Looking back at the question, the piece of information that is unused is that the can has a fixed total volume V.

$\bg_white V = \pi r^2 \times h \implies \pi rh = \frac{V}{r} \text{ . . . . . (2)}$

and so we can form an equation in two variables (V is a constant) by putting (2) into (1) and then use calculus:

\bg_white \begin{align*} A &= 2\pi r^2 + 2\frac{V}{r} \\ \frac{dA}{dr} &= 4\pi r + 2V \times -r^{-2} \\ &= 4\pi r - \frac{2V}{r^2} \\ \\ \text{Putting \frac{dA}{dr}=0:}\ 4\pi r &= \frac{2V}{r^2} \implies r^3 = \frac{V}{2\pi} \\ \\ \frac{d^2A}{dr^2} &= 4\pi - 2V \times -2r^{-3} = 4\pi + \frac{4V}{r^3} \\ \\ \text{If } r^3=\frac{V}{2\pi},\ \frac{d^2A}{dr^2} &= 4\pi + 4V \times \frac{2\pi}{V} = 12\pi > 0 \text{ hence a minimum} \\ \\ \text{Rearranging (2): } h &= \frac{V}{\pi r^2} \\ \frac{r}{h} &= r \times \frac{\pi r^2}{V} = \frac{\pi r^3}{V} \\ \\ \text{So, when } r^3=\frac{V}{2\pi},\ \frac{r}{h} &= \frac{\pi}{V} \times \frac{V}{2\pi} = \frac{1}{2} \\ \\ \text{So, the amount of metal is minimised when } r:h &= 1:2 \end{align*}

#### CM_Tutor

##### Well-Known Member
It is worth noting, in my opinion, that my optimisation example illustrates a general exam strategy that I believe is under-utilised, which is:

Keep your eye on your goal.

In this question, my goal was the ratio $\bg_white r:h$, and while that can be found by finding $\bg_white r$ and $\bg_white h$ and then dividing them, I am not actually required to find $\bg_white r$ or $\bg_white h$.
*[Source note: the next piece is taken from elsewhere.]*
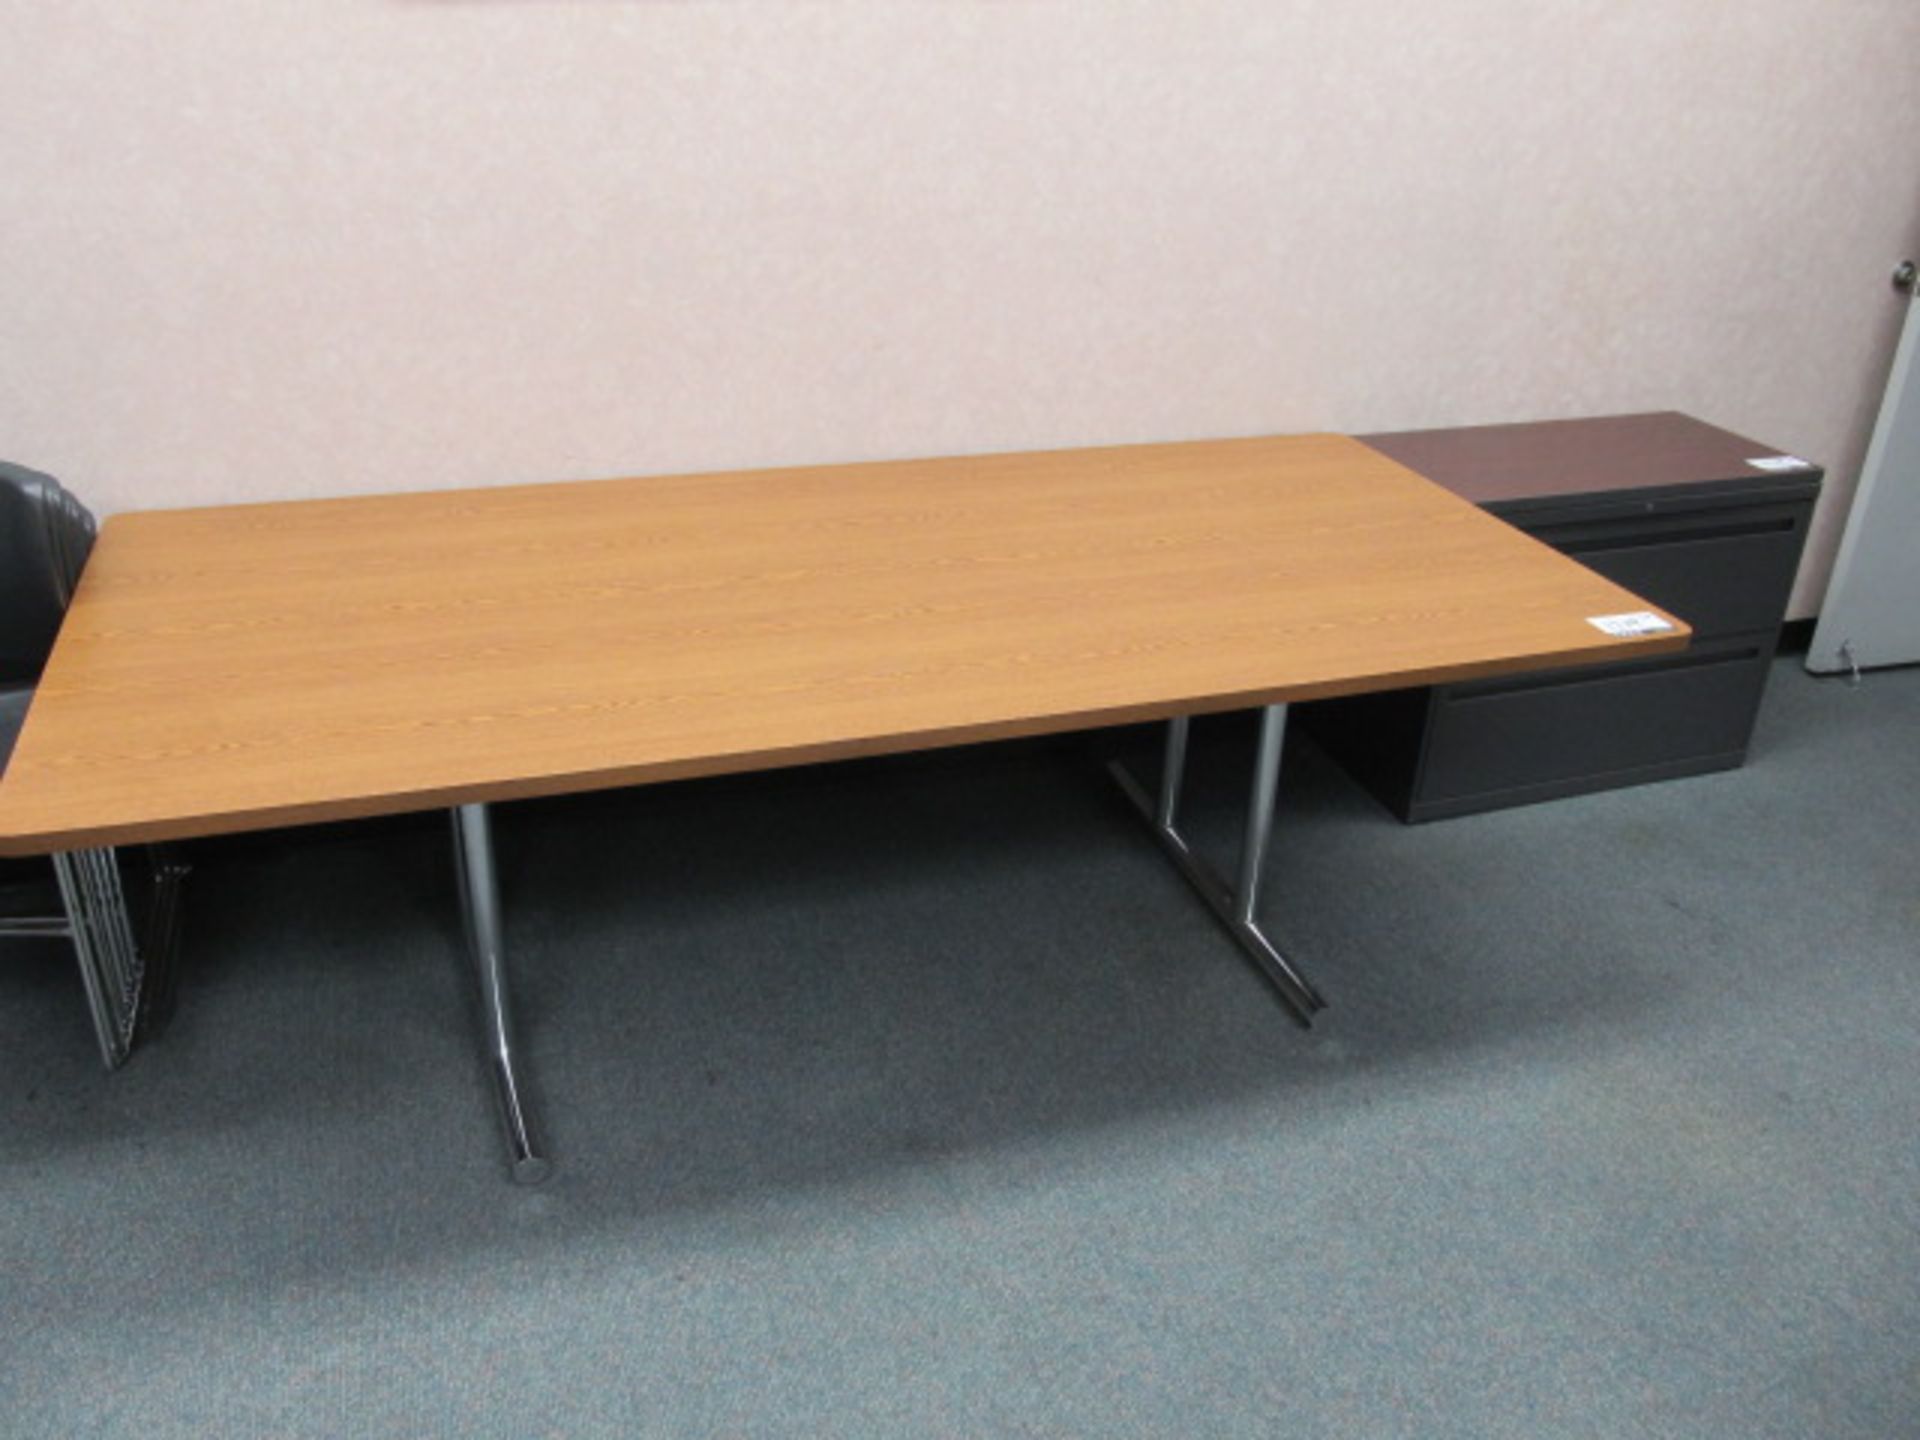 Lot (1) Wood Conference Table, Measure Appox. 96in. x 44in. x 29in. And (1) Metal 2 Drawer Lateral

In forming equation (2), I recognised that I was planning to use it to eliminate $\bg_white r$ or $\bg_white h$ from equation (1). Thus, I expressed (2) in the form that suited simplifying (1), rather than making $\bg_white h$ the subject and adding an extra line of algebra into the substitution step to get to the equation linking $\bg_white A$ to $\bg_white r$.

As I showed later, rearranging equation (2) gave me a form for $\bg_white r:h$ where the only variable present was $\bg_white r^3$.

Thus, I worked with the stationary point being at $\bg_white r^3=\frac{V}{2\pi}$. I knew that I could take the cube root if I needed $\bg_white r$ but recognised also that knowing $\bg_white r^3$ was likely to be sufficient. This also told me that using equation (2) to back-substitute and find an exact form for $\bg_white h$ was likely to be unnecessary.

In other words, I didn't stop to find an explicit form for $\bg_white h$ or $\bg_white r$ as neither of them was my goal.

In doing so, I avoided:

$\bg_white r = \sqrt[3]{\frac{V}{2\pi}}$

$\bg_white h=\frac{V}{\pi r^2} = \frac{V}{\pi} \times \left(\sqrt[3]{\frac{2\pi}{V}}\right)^2 = \sqrt[3]{\frac{V^3}{\pi^3} \times \frac{4\pi^2}{V^2}} = \sqrt[3]{\frac{4V}{\pi}}$

$\bg_white r:h = \sqrt[3]{\frac{V}{2\pi}} \times \sqrt[3]{\frac{\pi}{4V}} = \sqrt[3]{\frac{V}{2\pi} \times \frac{\pi}{4V}} = \sqrt[3]{\frac{V}{8V}} = \frac{1}{2} = 1:2$

This is a strategy that can save you time and possibly also avoid losing marks from mistakes in working that isn't actually needed anyway.